Otra vez había un comunista hablando desde una plataforma en una parcela vacía del campus. Era un chico muy honesto, con gafas sin borde y granitos en la cara, llevaba un jersey negro con agujeros en los codos. Yo estaba allí escuchándole y llevaba algunos de mis discípulos conmigo. Uno de ellos era un ruso blanco, Zircoff. A su padre o su abuelo, no sé bien, lo habían matado los rojos en la revolución rusa. Me enseñó un saco de tomates podridos. «Cuando tú des la señal -me dijo-, empezaremos a tirárselos.»

De repente me di cuenta de que mis discípulos no habían estado escuchando al muchacho, o que si lo habían hecho, nada de lo que tan honestamente había estado diciendo importaba un carajo. Sus mentes estaban enceguecidas. La mayor parte del mundo era como ellos. Se me ocurrió en ese momento que tener una polla de tamaño mediano no era el peor pecado del mundo.

– Zircoff -dije- deja esos tomates.

– Mierda -dijo él- me gustaría que fuesen granadas de mano.

Perdí el control de mis discípulos aquel día; me alejé caminando mientras ellos empezaban a arrojar sus tomates podridos.

Recibí la noticia acerca de un nuevo partido que iba a ser constituido. Me dieron una dirección en Glendale y fui allí aquella noche. Nos sentamos en el suelo de un gran local con nuestras botellas de vino y nuestras pollas de diversos tamaños. Iba a ser un Partido de Vanguardia.

Había una plataforma con una gran bandera americana extendida sobre la pared. Un buen chico americano de apariencia saludable subió a la plataforma y sugirió que deberíamos empezar saludando a la bandera, rindiéndole culto y pleitesía.

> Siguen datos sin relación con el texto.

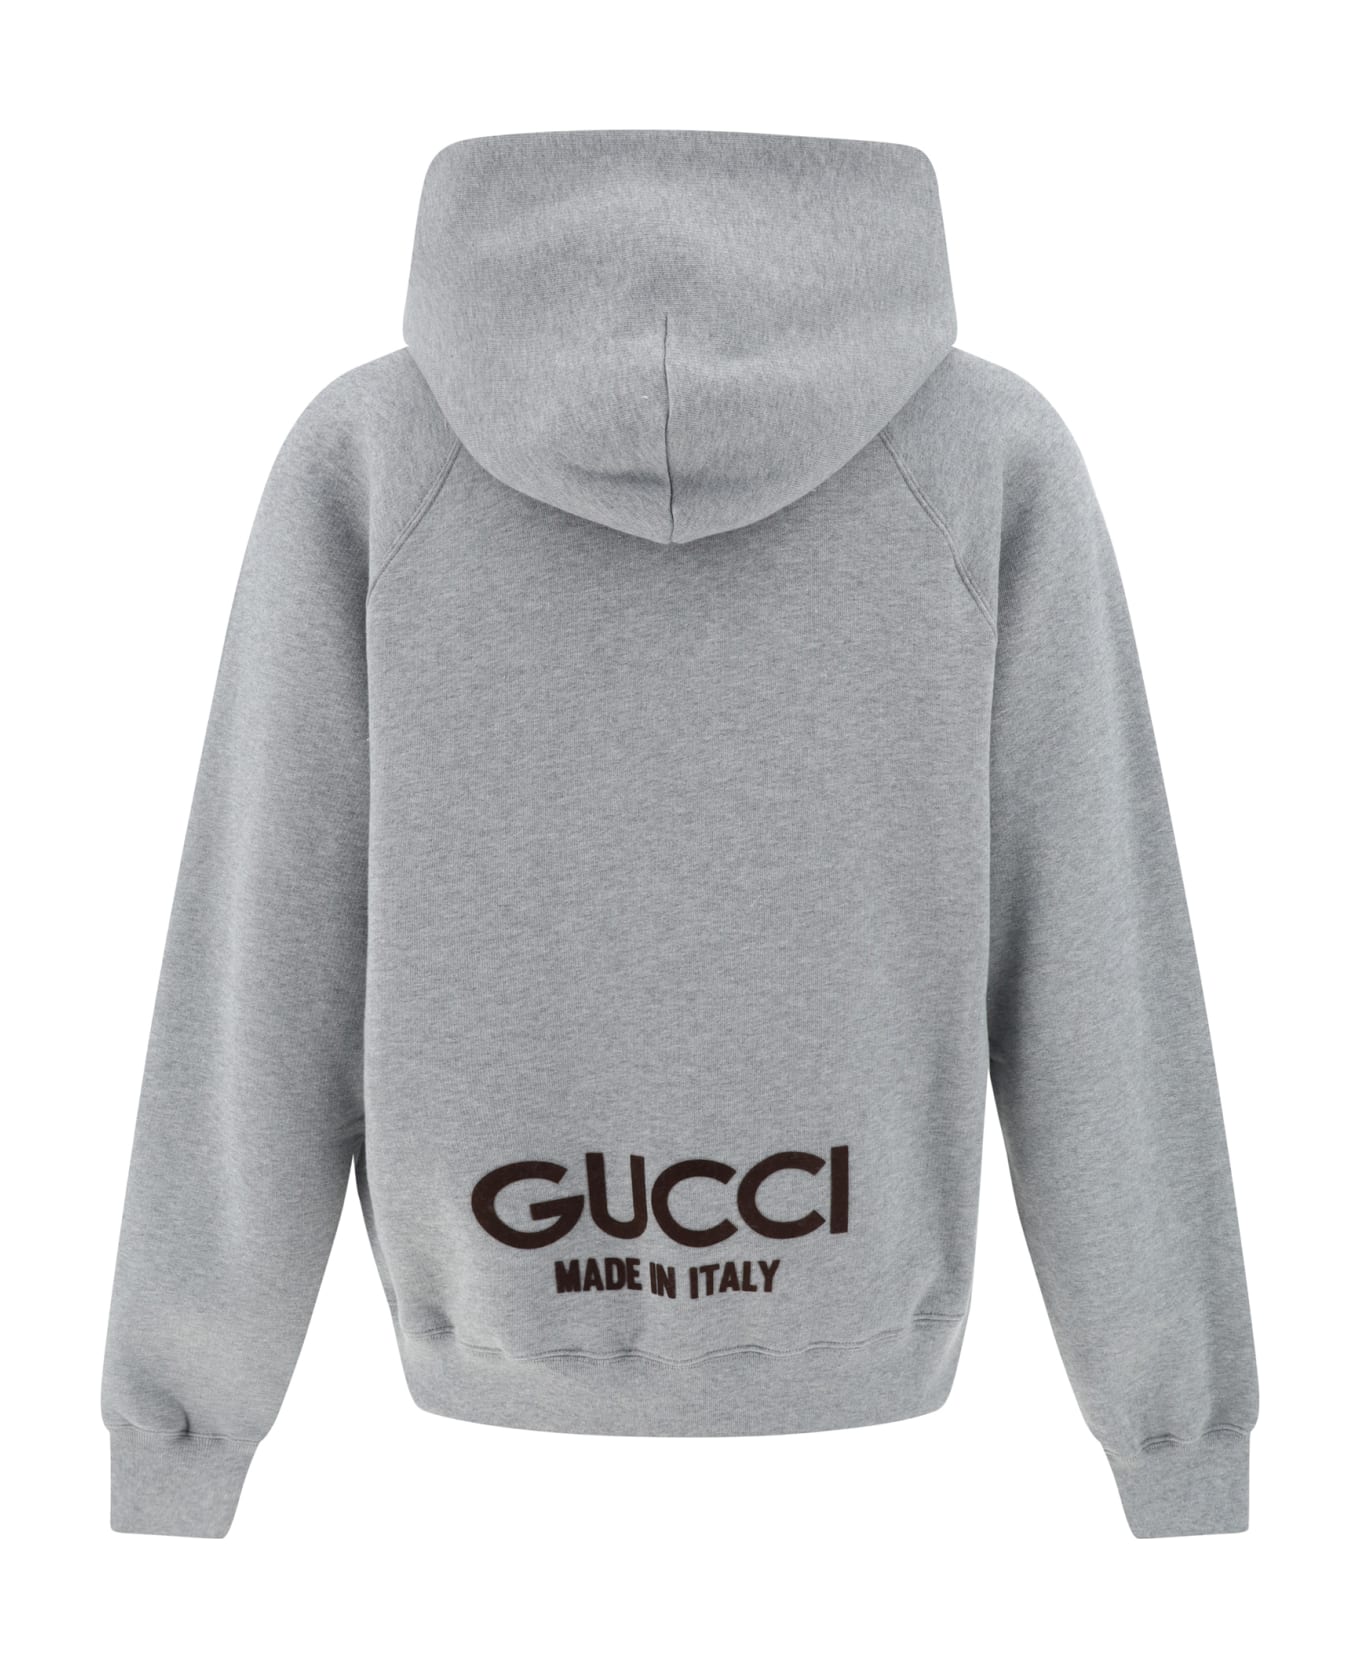 Gucci Hoodie - Grey Melange

Siempre me había fastidiado rendirle culto a la bandera. Era tan tedioso y gilipollesco. Yo siempre había preferido rendirme culto a mí mismo, pero estábamos allí y nos levantamos y pasamos uno a uno delante de ella. Después de eso, una pequeña pausa, y todo el mundo vuelve a sentarse en el suelo, sintiendo como si le hubiesen molestado de una manera estúpida.

El americano saludable empezó a hablar. Le reconocí como el chico gordo que se sentaba en primera fila en la clase de escritura dramática. Nunca he podido tragar a esos tipos. Mamones. Estrictamente mamones. Empezó:

– La amenaza comunista debe ser aplastada. Nos hemos reunido aquí para tomar las medidas necesarias. Tomaremos medidas legales, y quizás, medidas ilegales para conseguirlo…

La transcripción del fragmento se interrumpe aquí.